Margaret Fiennes, 11th Baroness Dacre (1541 – 16 March 1612) was a suo jure peeress having been created Baroness Dacre by King James I of England in 1604. She was the daughter of Thomas Fiennes, 9th Baron Dacre who was executed for murder in the year of her birth. His title and lands had been forfeited to the crown. Baroness Margaret's husband was Sampson Lennard MP.

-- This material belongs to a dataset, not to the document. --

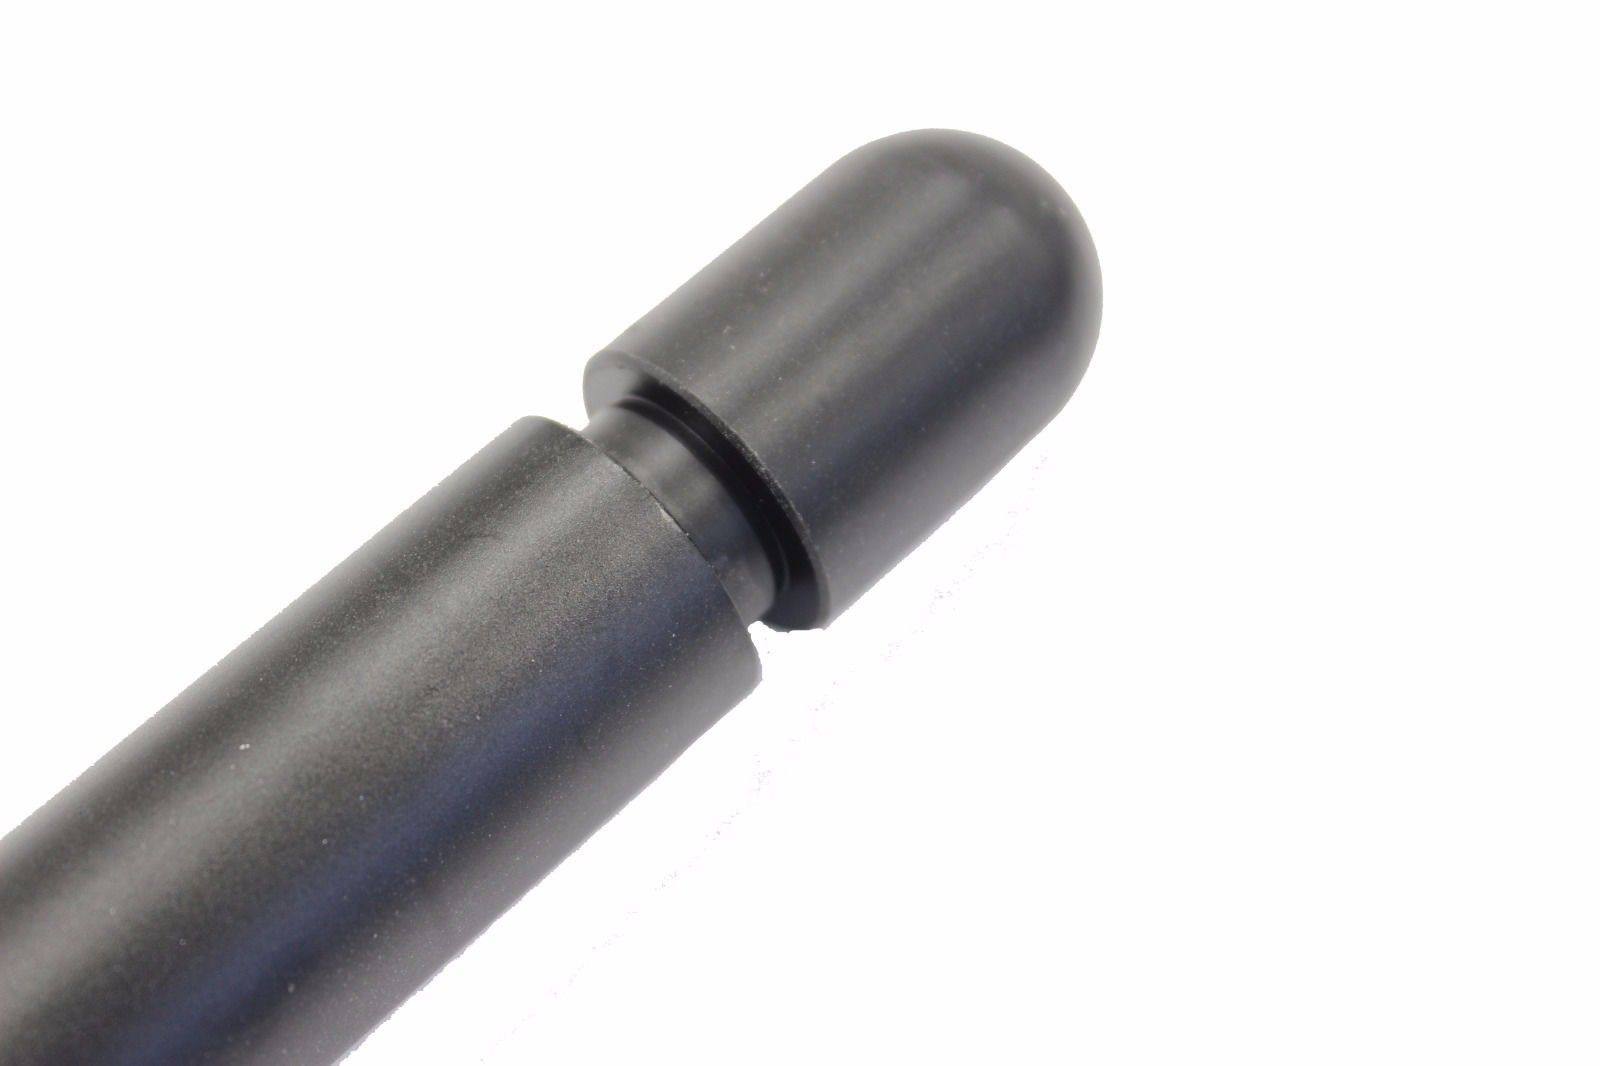 Universal 37mm 22mm Black CNC Fork Clip on Ons clipon Handle Bars set Handlebar - TDRMOTO

She was also known as Baroness Dacre of the South.

== Family ==
Margaret was born in 1541, the youngest child and only daughter of Thomas Fiennes, 9th Baron Dacre and Mary Neville. In the year of her birth, her father was hanged for the murder of a gamekeeper by the order of King Henry VIII, and his lands and title were forfeited to the crown.

== Marriage and issue ==
On 10 November 1564 at the age of 23, Margaret married Sampson Lennard (died 1615), who came from a family of landed gentry. They resided at Chevening, Kent. He was a Member of Parliament for various constituencies, and from 1590 to 1591, he held the post of High Sheriff of Kent. Lady Dacre and her husband had five sons and six daughters:
Occurring in Sevenoaks, Kent, England unless otherwise stated:
- John Lennard, born 1567; buried 10 Oct 1575.
- Sir Henry Lennard, 12th Baron Dacre (25 March 1570 - 8 August 1616); Born in Chevening, Kent, England; married Chrysogona Baker, by whom he had issue.
- Anne Lennard, born 1 Aug 1572 Chevening, Kent; married Herbert Morley.
- Elizabeth Lennard, born 5 Jun 1580; buried 20 Oct 1581.
- Elizabeth Lennard, born 26 Nov 1581; married Sir Francis Barnham, by whom she had issue.
- Gregory "George" Lennard, born 25 Oct 1573 Chevening, Kent; married in 1614 to Maud Llewellyn. Died 1620, without issue.
- Mary Lennard, born 22 Oct 1574 Chevening, Kent; married Sir Ralph Bosville.
- Thomas Lennard, died 1638 without issue (d.s.p).
- Margaret Lennard, born 28 Sep 1578; married Sir Thomas Waller, by whom she had issue, including Parliamentarian soldier Sir William Waller.
- Frances Lennard, born 28 Jul 1583; married Sir Robert More
- John Lennard, born 11 Oct 1584; died bef. 1615.

== Baroness Dacre ==
The title of Baron Dacre had been restored to Margaret's brother Gregory by Queen Elizabeth I shortly after her ascension to the throne; however, upon his death in 1594, it had once again lapsed in abeyance. On 8 December 1604, King James I created her suo jure Baroness Dacre, and she held this title until her death on 16 March 1612. She was succeeded by her eldest son, Henry.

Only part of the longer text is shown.